"Zeit"-Chefredakteur Giovanni di Lorenzo über das Bild der "Lügenpresse"

"Zeit"-Chefredakteur Giovanni di Lorenzo über das Bild der "Lügenpresse"

Nach Einschätzung von "Zeit"-Chefredakteur Giovanni di Lorenzo ist es ein relativ kleiner, aber meinungsstarker Teil der Bevölkerung, der Medien als "Lügenpresse" kritisiert. Es sei Aufgabe von Journalisten, durch gute und transparente Arbeit zu zeigen, "dass wir in Deutschland ganz hervorragende Medien haben".

Sie dürften aber auch keine Themen ausblenden, sagte di Lorenzo dem Internetportal "katholisch.de" der katholischen Kirche in Deutschland. "Ein Journalismus, der bestimmte Themen nicht stattfinden lässt, aus Angst, das könnte die Falschen munitionieren, macht sich angreifbar", so der Chefredakteur der in Hamburg erscheinenden Wochenzeitung: "Insofern glaube ich, dass die Ereignisse von Köln nicht nur für unser Land ein Wendepunkt waren, sondern auch für den Journalismus."
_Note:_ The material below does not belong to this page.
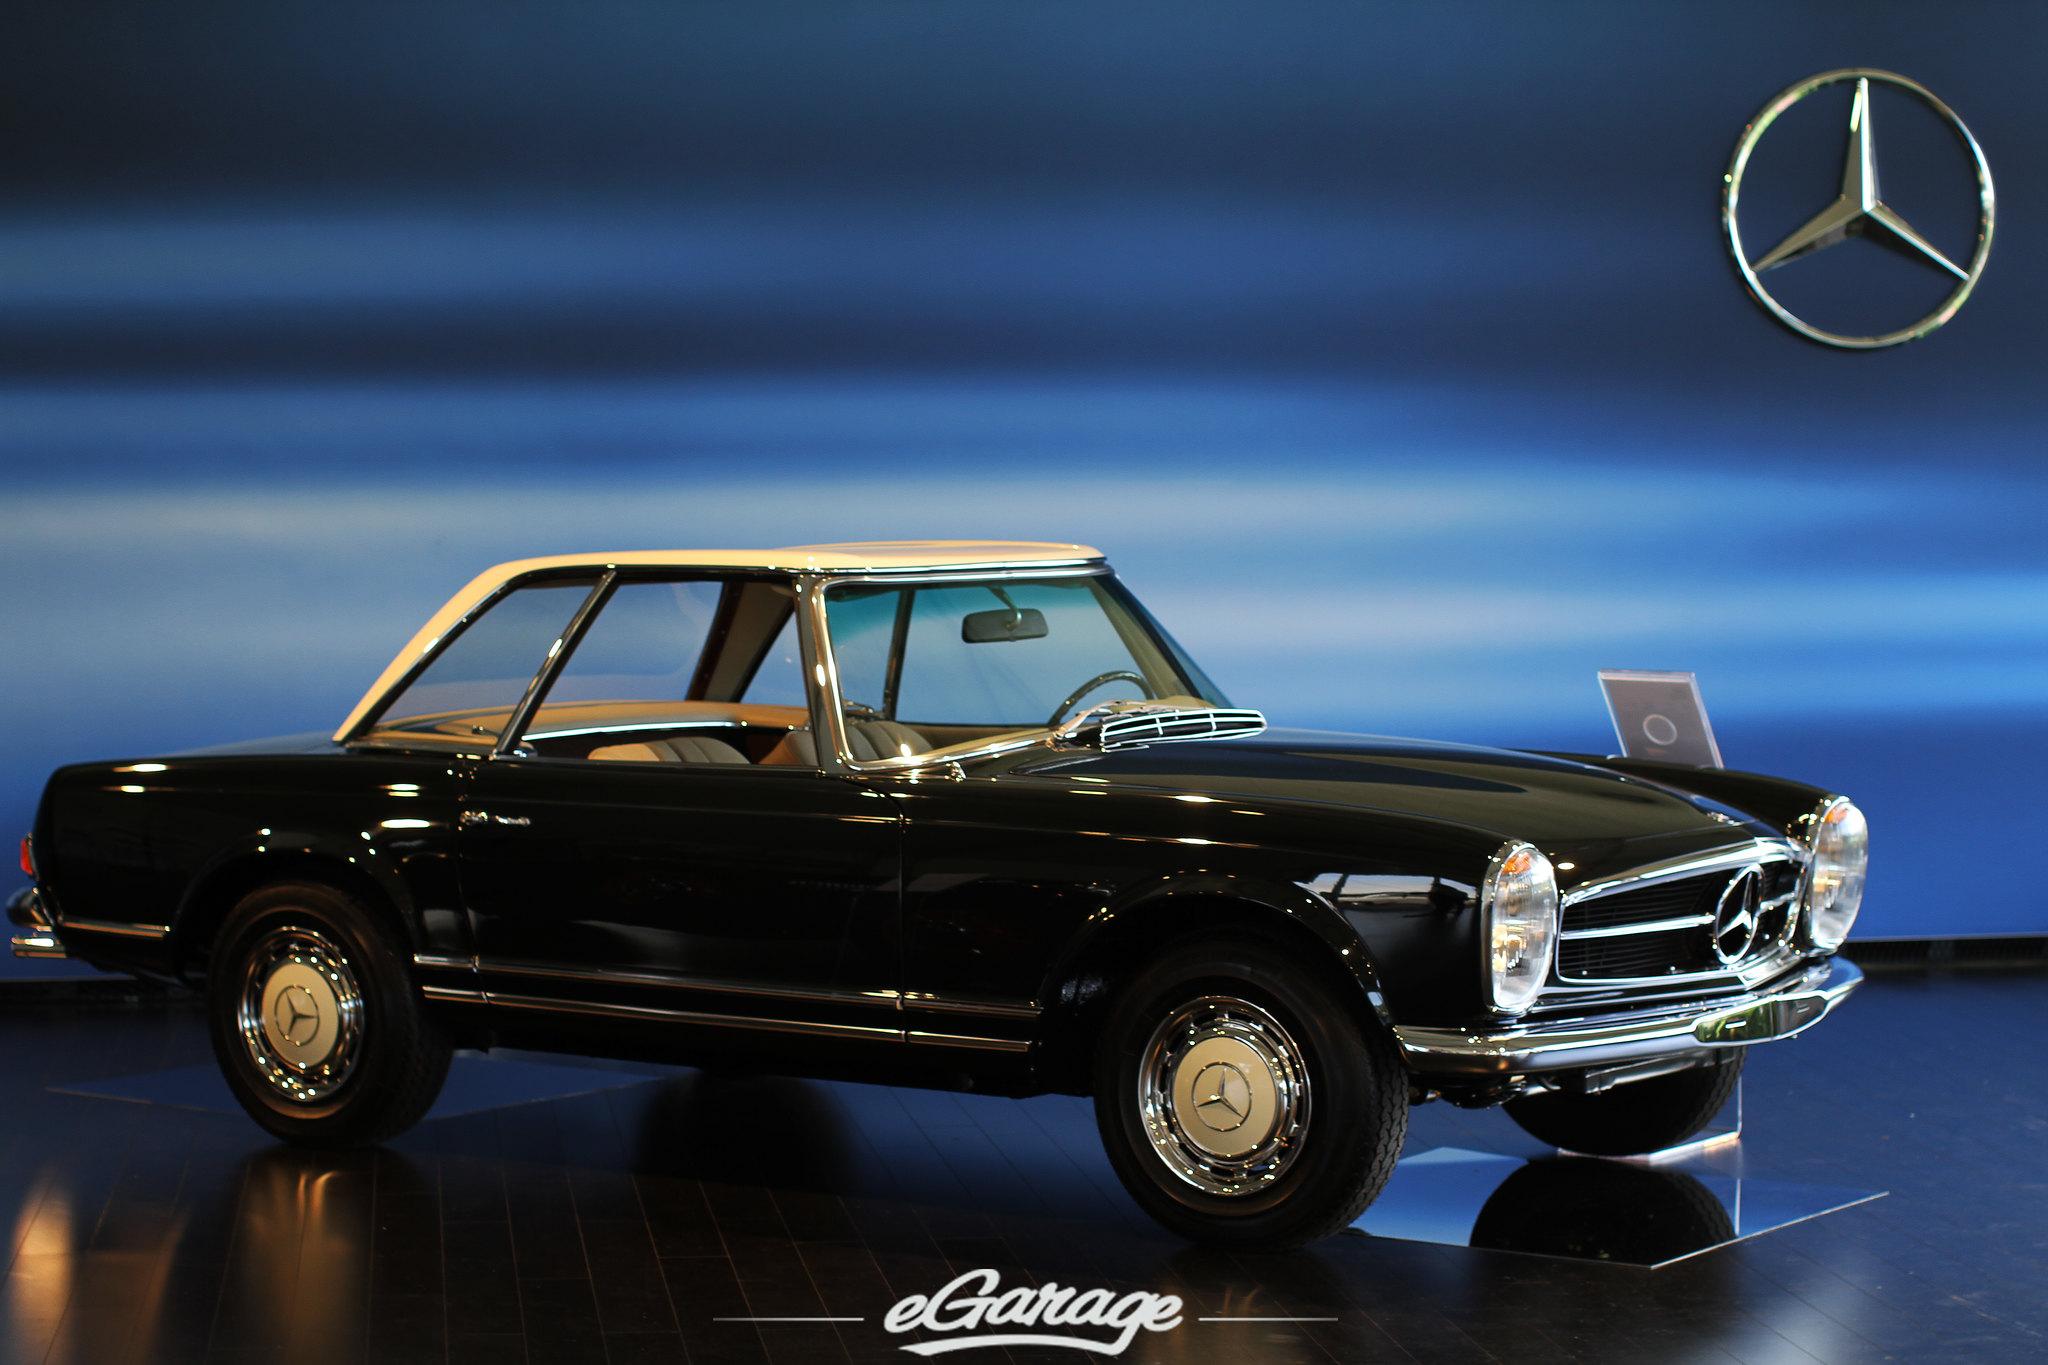 7828718318 2c55d6b4f8 k Mercedes Benz Classic

Unbegreiflich sei außerdem, dass ein Ereignis wie die sexuellen Übergriffe in Köln, das in der Nacht von Donnerstag auf Freitag stattfinde erst am Montag in den Medien Niederschlag finde. "Das darf uns nicht noch einmal passieren."

Die "Zeit" ist gerade 70 Jahre alt geworden. Die erste Ausgabe der Hamburger Wochenzeitung erschien am 21. Februar 1946. Im Jahr vor dem Jubiläumsjahr hatte der "Zeit"-Verlag seine Erlöse gesteigert. Die Zahl der Mitarbeiter stieg um 67 auf rund 600.